The mitotic metaphase to anaphase transition in both yeast and vertebrates is driven by a multimeric ubiquitin ligase known as the anaphase promoting complex, APC. While the mitotic functions of APC are being actively investigated, almost nothing is known about APC's meiotic functions, a question which is particularly amenable to analysis in C. elegans. To address this question, we are studying both metaphase to anaphase defective (MAT) mutants and RNAi embryos depleted in maternal APC components (see Abstracts by Golden et al & Wille et al.). Of the five known MAT mutants,
emb-27 is our most fully characterized to date. Our analysis indicates that EMB-27 is required for germline chromosome segregation during both meiosis and mitosis. Both
emb-27 primary oocytes and spermatocytes mature normally but arrest development in meiotic metaphase I; thus they fail to either segregate homologs or progress to anaphase. Consequences of this metaphase arrest prove different for each type of gamete.
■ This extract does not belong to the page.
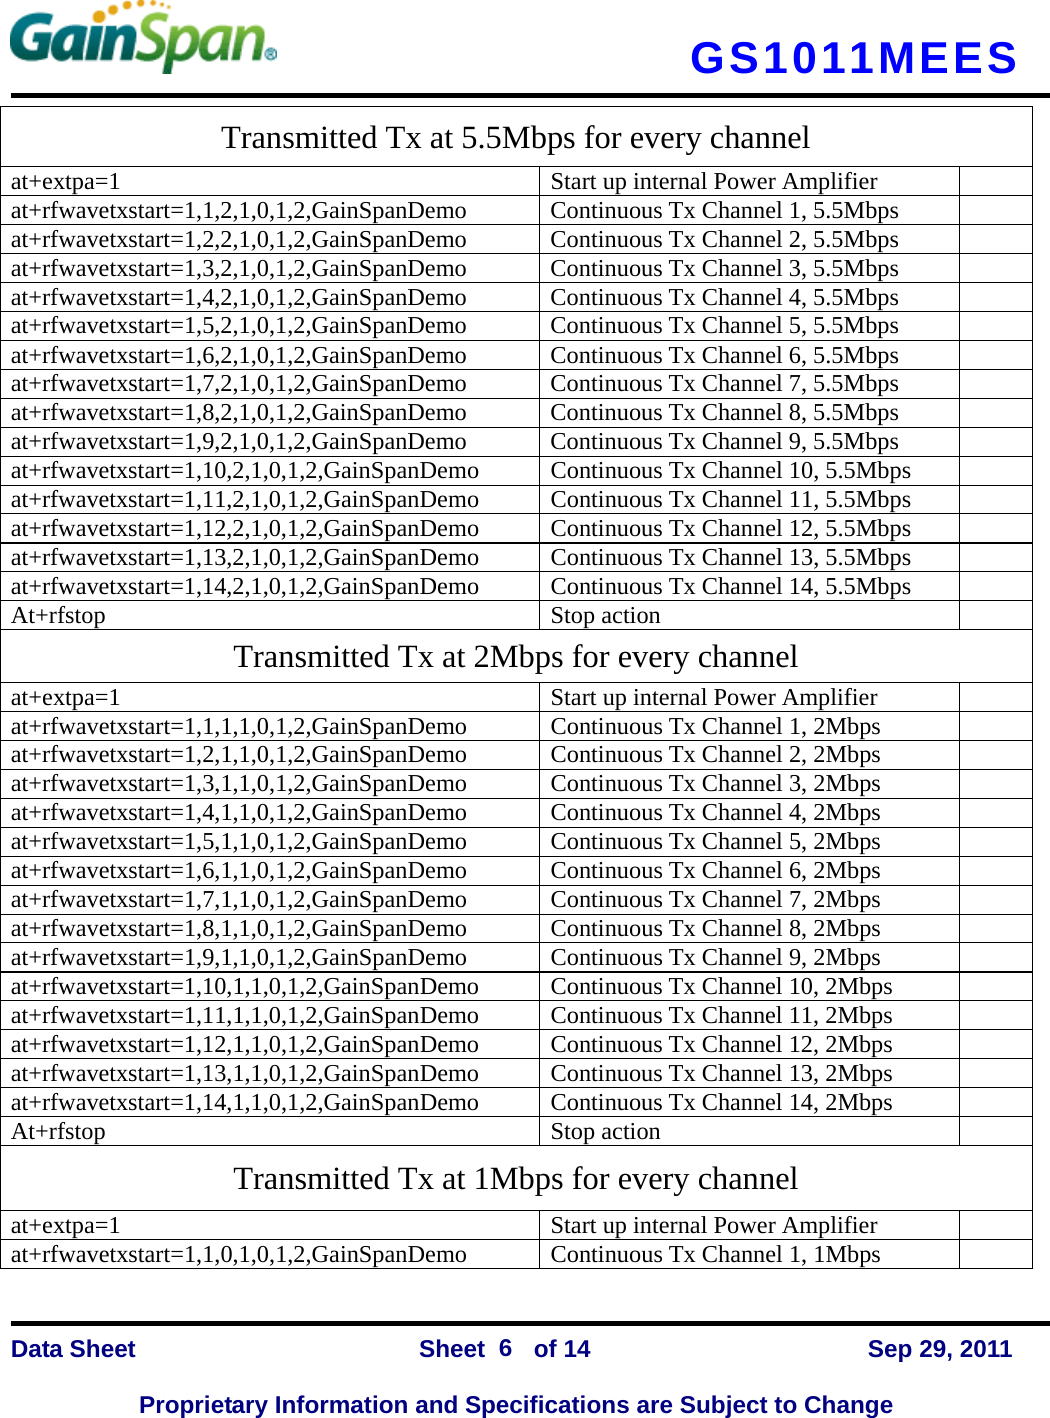   GS1011MEES    Data Sheet                Sheet    of 14      Sep 29, 2011  Proprietary Information and Specifications are Subject to Change 6 Transmitted Tx at 5.5Mbps for every channel at+extpa=1  Start up internal Power Amplifier   at+rfwavetxstart=1,1,2,1,0,1,2,GainSpanDemo  Continuous Tx Channel 1, 5.5Mbps   at+rfwavetxstart=1,2,2,1,0,1,2,GainSpanDemo  Continuous Tx Channel 2, 5.5Mbps   at+rfwavetxstart=1,3,2,1,0,1,2,GainSpanDemo  Continuous Tx Channel 3, 5.5Mbps   at+rfwavetxstart=1,4,2,1,0,1,2,GainSpanDemo  Continuous Tx Channel 4, 5.5Mbps   at+rfwavetxstart=1,5,2,1,0,1,2,GainSpanDemo  Continuous Tx Channel 5, 5.5Mbps   at+rfwavetxstart=1,6,2,1,0,1,2,GainSpanDemo  Continuous Tx Channel 6, 5.5Mbps   at+rfwavetxstart=1,7,2,1,0,1,2,GainSpanDemo  Continuous Tx Channel 7, 5.5Mbps   at+rfwavetxstart=1,8,2,1,0,1,2,GainSpanDemo  Continuous Tx Channel 8, 5.5Mbps   at+rfwavetxstart=1,9,2,1,0,1,2,GainSpanDemo  Continuous Tx Channel 9, 5.5Mbps   at+rfwavetxstart=1,10,2,1,0,1,2,GainSpanDemo  Continuous Tx Channel 10, 5.5Mbps   at+rfwavetxstart=1,11,2,1,0,1,2,GainSpanDemo  Continuous Tx Channel 11, 5.5Mbps   at+rfwavetxstart=1,12,2,1,0,1,2,GainSpanDemo  Continuous Tx Channel 12, 5.5Mbps   at+rfwavetxstart=1,13,2,1,0,1,2,GainSpanDemo  Continuous Tx Channel 13, 5.5Mbps   at+rfwavetxstart=1,14,2,1,0,1,2,GainSpanDemo  Continuous Tx Channel 14, 5.5Mbps   At+rfstop Stop action  Transmitted Tx at 2Mbps for every channel at+extpa=1  Start up internal Power Amplifier   at+rfwavetxstart=1,1,1,1,0,1,2,GainSpanDemo  Continuous Tx Channel 1, 2Mbps   at+rfwavetxstart=1,2,1,1,0,1,2,GainSpanDemo  Continuous Tx Channel 2, 2Mbps   at+rfwavetxstart=1,3,1,1,0,1,2,GainSpanDemo  Continuous Tx Channel 3, 2Mbps   at+rfwavetxstart=1,4,1,1,0,1,2,GainSpanDemo  Continuous Tx Channel 4, 2Mbps   at+rfwavetxstart=1,5,1,1,0,1,2,GainSpanDemo  Continuous Tx Channel 5, 2Mbps   at+rfwavetxstart=1,6,1,1,0,1,2,GainSpanDemo  Continuous Tx Channel 6, 2Mbps   at+rfwavetxstart=1,7,1,1,0,1,2,GainSpanDemo  Continuous Tx Channel 7, 2Mbps   at+rfwavetxstart=1,8,1,1,0,1,2,GainSpanDemo  Continuous Tx Channel 8, 2Mbps   at+rfwavetxstart=1,9,1,1,0,1,2,GainSpanDemo  Continuous Tx Channel 9, 2Mbps   at+rfwavetxstart=1,10,1,1,0,1,2,GainSpanDemo  Continuous Tx Channel 10, 2Mbps   at+rfwavetxstart=1,11,1,1,0,1,2,GainSpanDemo  Continuous Tx Channel 11, 2Mbps   at+rfwavetxstart=1,12,1,1,0,1,2,GainSpanDemo  Continuous Tx Channel 12, 2Mbps   at+rfwavetxstart=1,13,1,1,0,1,2,GainSpanDemo  Continuous Tx Channel 13, 2Mbps   at+rfwavetxstart=1,14,1,1,0,1,2,GainSpanDemo  Continuous Tx Channel 14, 2Mbps   At+rfstop Stop action  Transmitted Tx at 1Mbps for every channel at+extpa=1  Start up internal Power Amplifier   at+rfwavetxstart=1,1,0,1,0,1,2,GainSpanDemo  Continuous Tx Channel 1, 1Mbps   
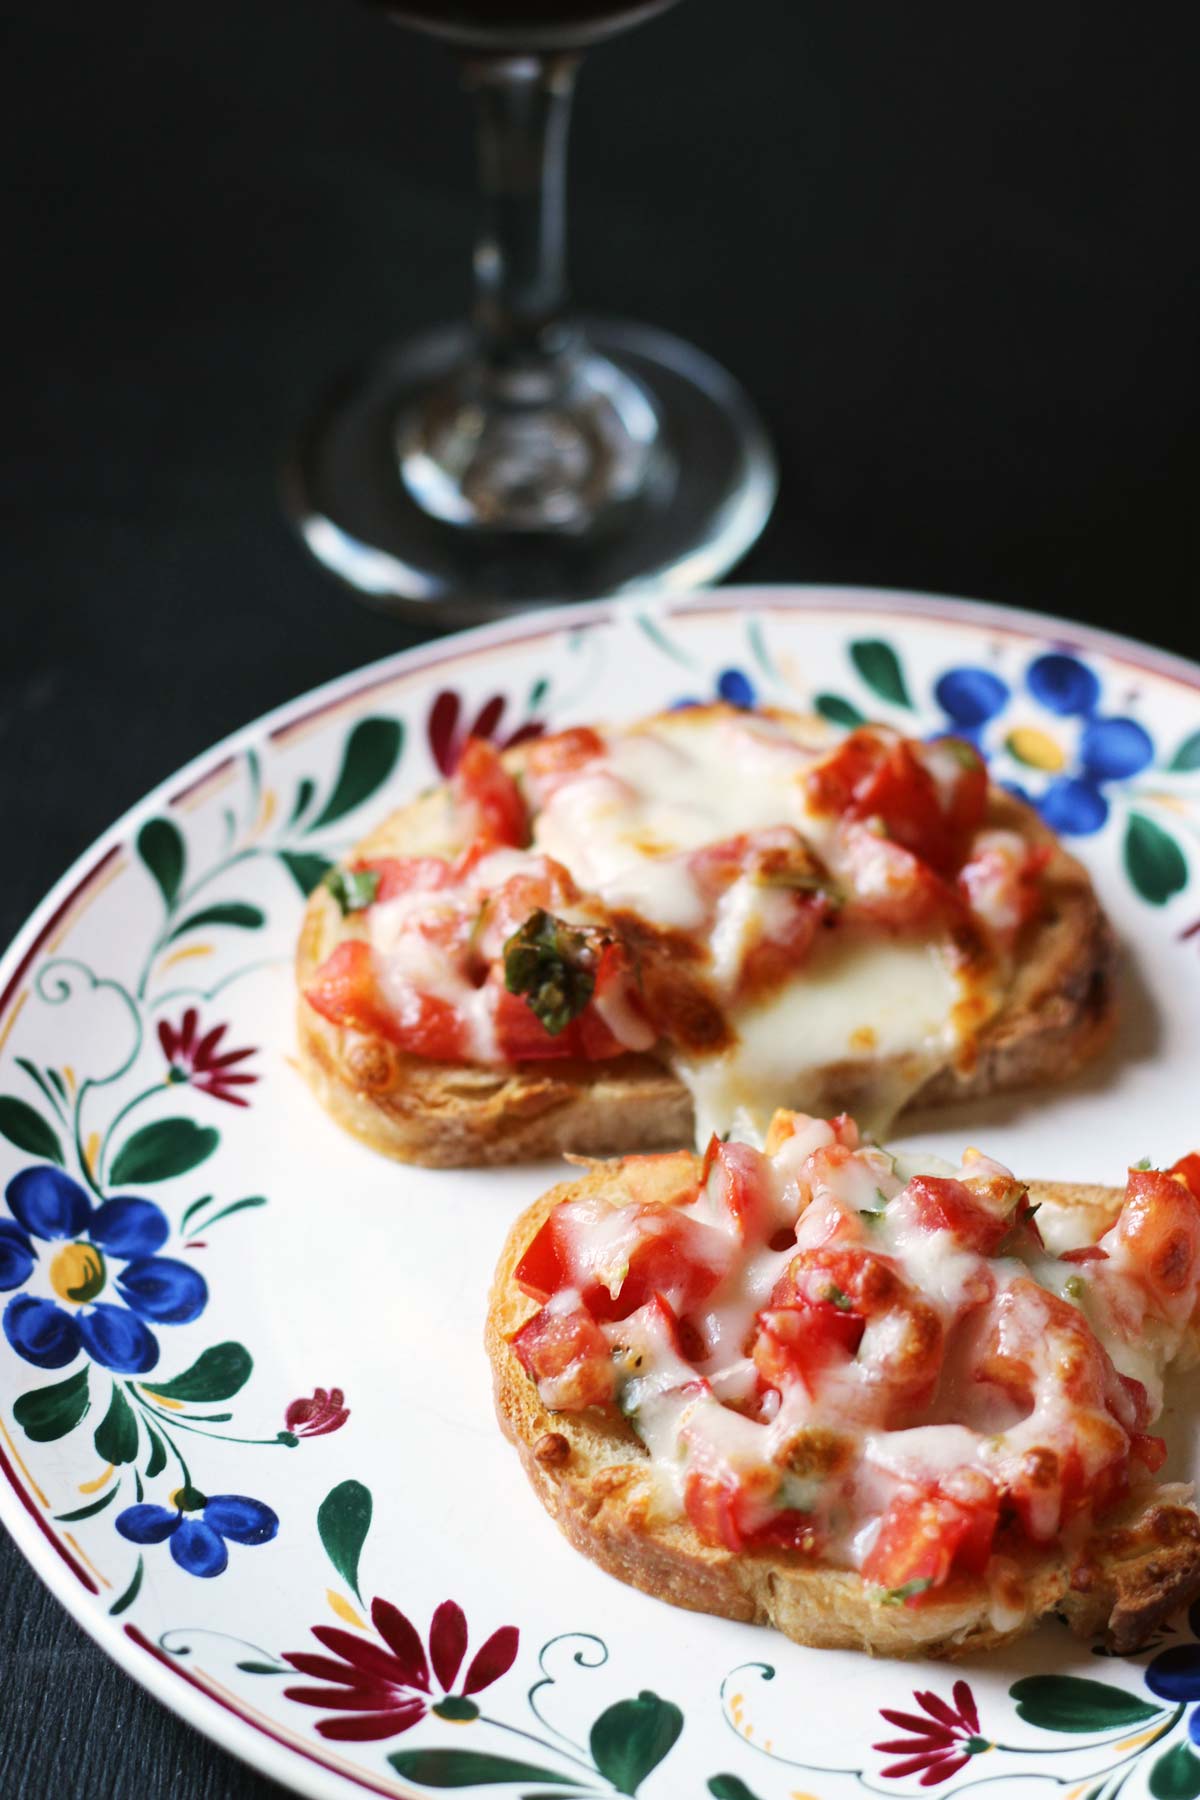 two cheese topped bruschetta on plate next to a glass of wine.

emb-27 oocytes arrest development at the meiotic one cell stage. The mutant primary spermatocytes are also blocked in metaphase I; as a result, secondary spermatocytes are never formed. However because this cell cycle block is unlinked to gamete differentiation, anucleate spermatids still bud from the arrested primaries. In addition to their aforementioned meiotic defects, upshifted
emb-27 adults also accumulate abnormally high numbers of metaphase figures within their mitotic zones. We believe that these excess metaphase figures arise from mitotic metaphase blockage rather than tumorous overproliferation because the mutants also exhibit abnormally small gonads and variably sized pachytene nuclei. However to further test the requirement for EMB-27 during germline mitosis, we examined the germline proliferation defects in mutants shifted to restrictive temperatures as L1 larvae. Our most severe alleles proved to be GLP. These combined results indicate that EMB-27 is essential for both mitotic germline proliferation and maintenance. Taken together, our results indicate that EMB-27 is specifically required to promote anaphase within the germline. To determine the molecular nature of this critical gene,
emb-27 has been physically mapped to a two cosmid region on LGII. Of the potential gene candidates in this region, only APC6
(cdc16) yields an RNAi phenotype which mimics the one-cell arrest seen in
emb-27 mutants. We are currently sequencing this gene in the mutant alleles. Research funded, in part, by the Jeffress Foundation and NSF.